Republican Rep. Kevin Kiley’s newest Democratic challenger might be even more well known to Sacramento-area voters than the two-term congressman who has represented the area since 2023.
Dr. Richard Pan, a Harvard-trained pediatrician and former state senator who made national headlines for leading California’s effort to eliminate religious and “personal belief” exemptions to school vaccine mandates, announced his candidacy for California’s 3rd Congressional District on Tuesday.
Pan and Democrats nationwide hope to hold Republicans like Kiley accountable for supporting President Donald Trump’s megabill, which over the next 10 years will cause an estimated 10 million Americans to lose health coverage under Medicaid and the Affordable Care Act, according to the nonpartisan Congressional Budget Office.
“We see a federal government that seems to be intentionally attacking health care, whether it’s taking away people’s health insurance, undermining public health to allow disease to spread, cutting research for things like cancer treatments,” Pan told CalMatters in an interview.
“As a pediatrician, I’ve spent my life really trying to keep kids and their families healthy,” he added. “I’m running for Congress to be sure that we can protect people’s health care.”
Pan joins Democrats Tyler Vandenberg, a Marine Corps veteran and former “Jeopardy!” winner, and Heidi Hall, an environmental advocate and Nevada County supervisor, who launched campaigns against Kiley earlier this year.
Proposition 50 would remake the district
Kiley’s district is one of five that would shift to favor Democrats if California voters next month approve a plan to gerrymander the state’s congressional districts – known as Proposition 50.
While the district he represents currently spans much of the California-Nevada border and is in largely rural, forested areas, the new seat would encompass many of Sacramento’s eastern neighborhoods and suburbs, including Auburn, Rancho Cordova and Folsom. The new district would also include Grass Valley, Truckee and the California portion of Lake Tahoe, as well as the Eldorado National Forest.
Kiley, who has branded himself as a Republican foil to Gov.
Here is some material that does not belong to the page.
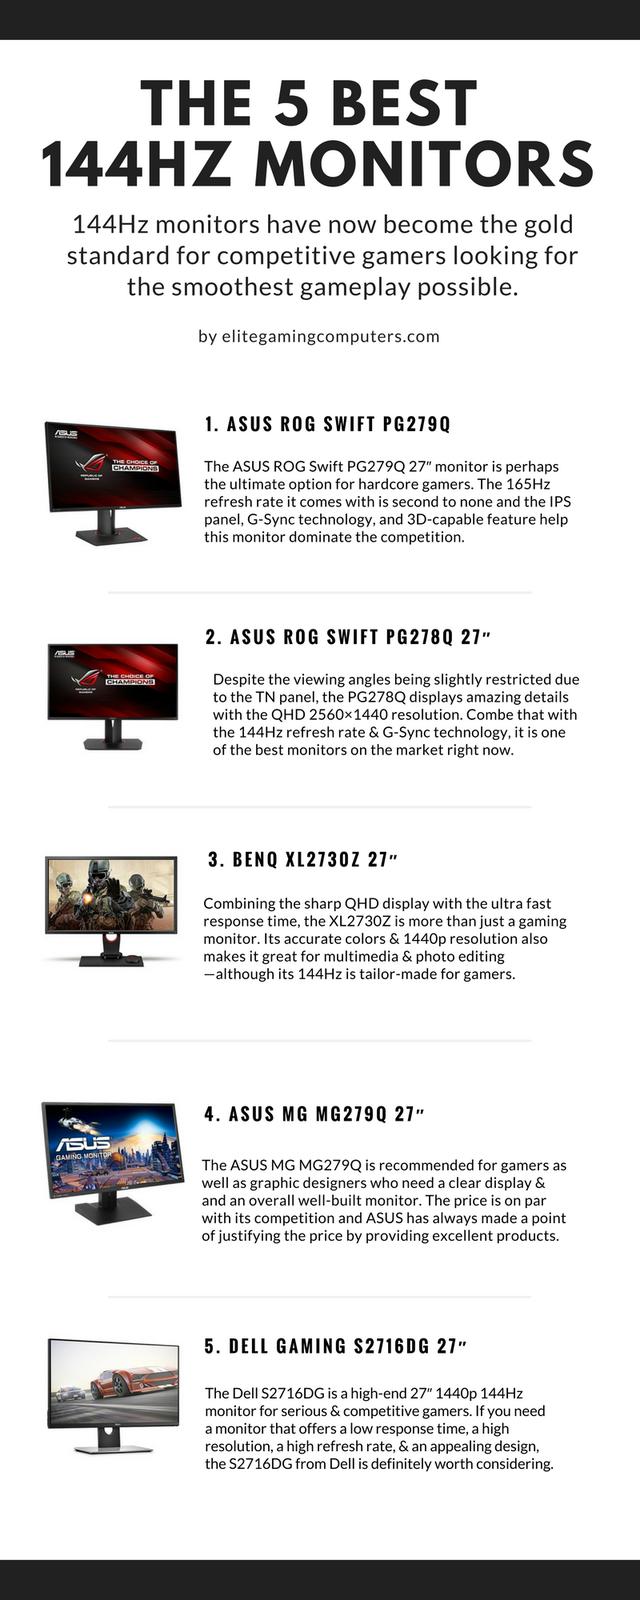 144hz monitor infographic
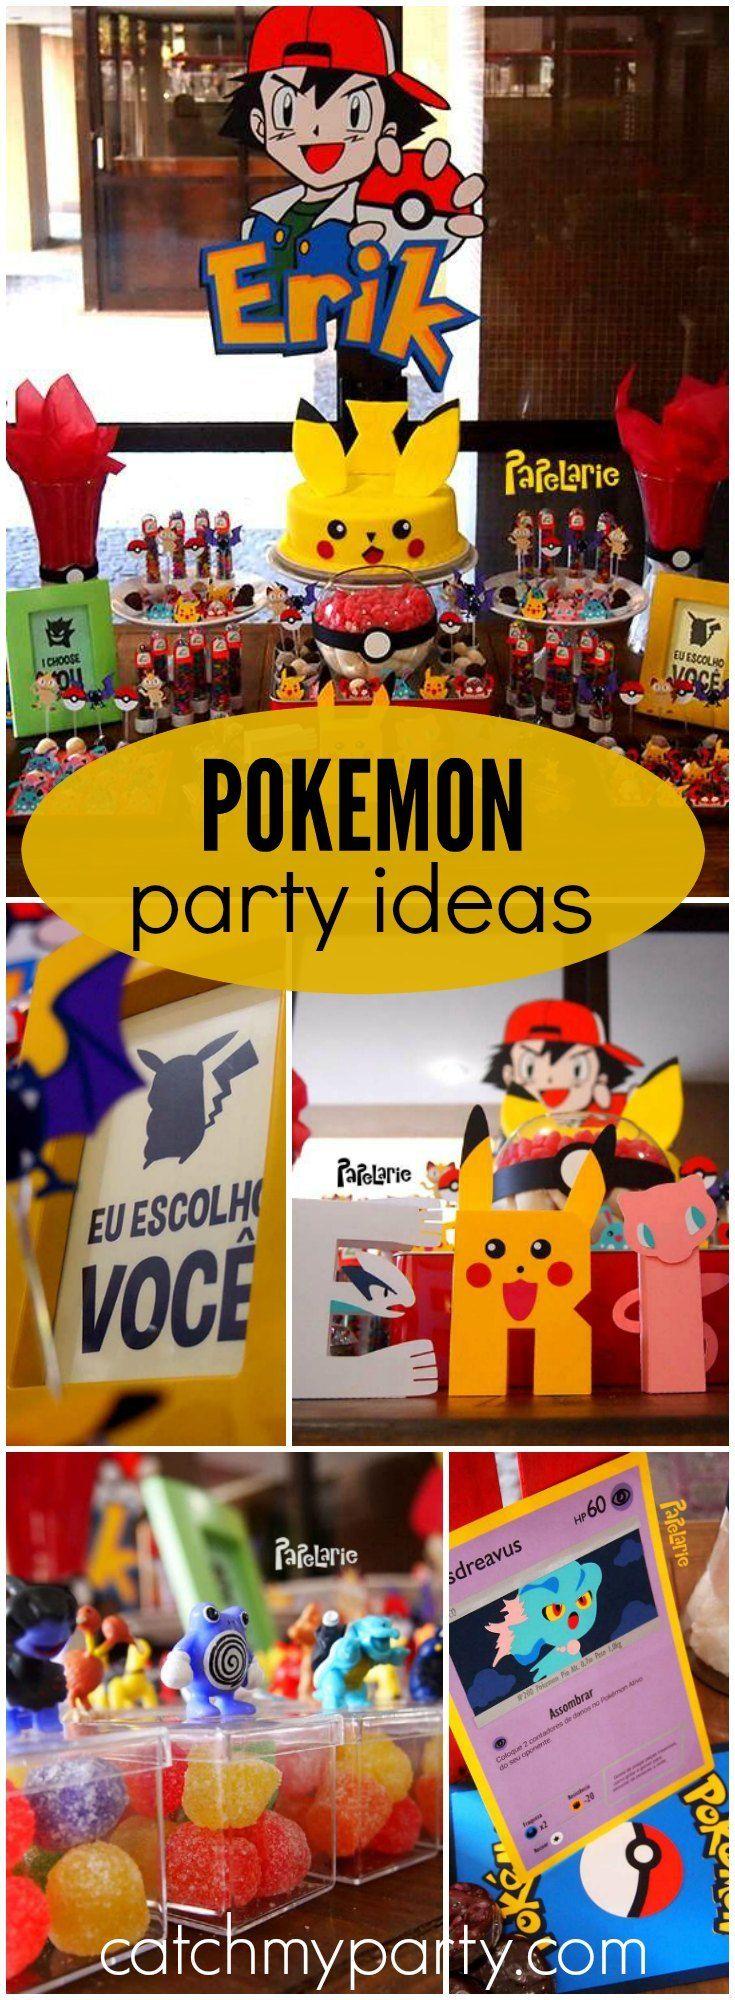 149 best Pokemon Party Ideas images on Pinterest | Birthdays ...

Gavin Newsom, has been a vocal opponent of Prop. 50 and accused the governor of targeting his seat because of his attempts to “Newsom-proof California” in Congress by eliminating the state’s ban on gas-powered cars and halting federal funding for high-speed rail.
“There’s a reason Newsom sent his own staffer to run against me last year,” Kiley wrote on social media last month, referring to Democrat Jessica Morse, “and has now made me the number one target of his redistricting sham.”
Pan, a Sacramento resident who supports Prop. 50, has previously represented about 70% of voters who live in what would become the new district, according to his campaign.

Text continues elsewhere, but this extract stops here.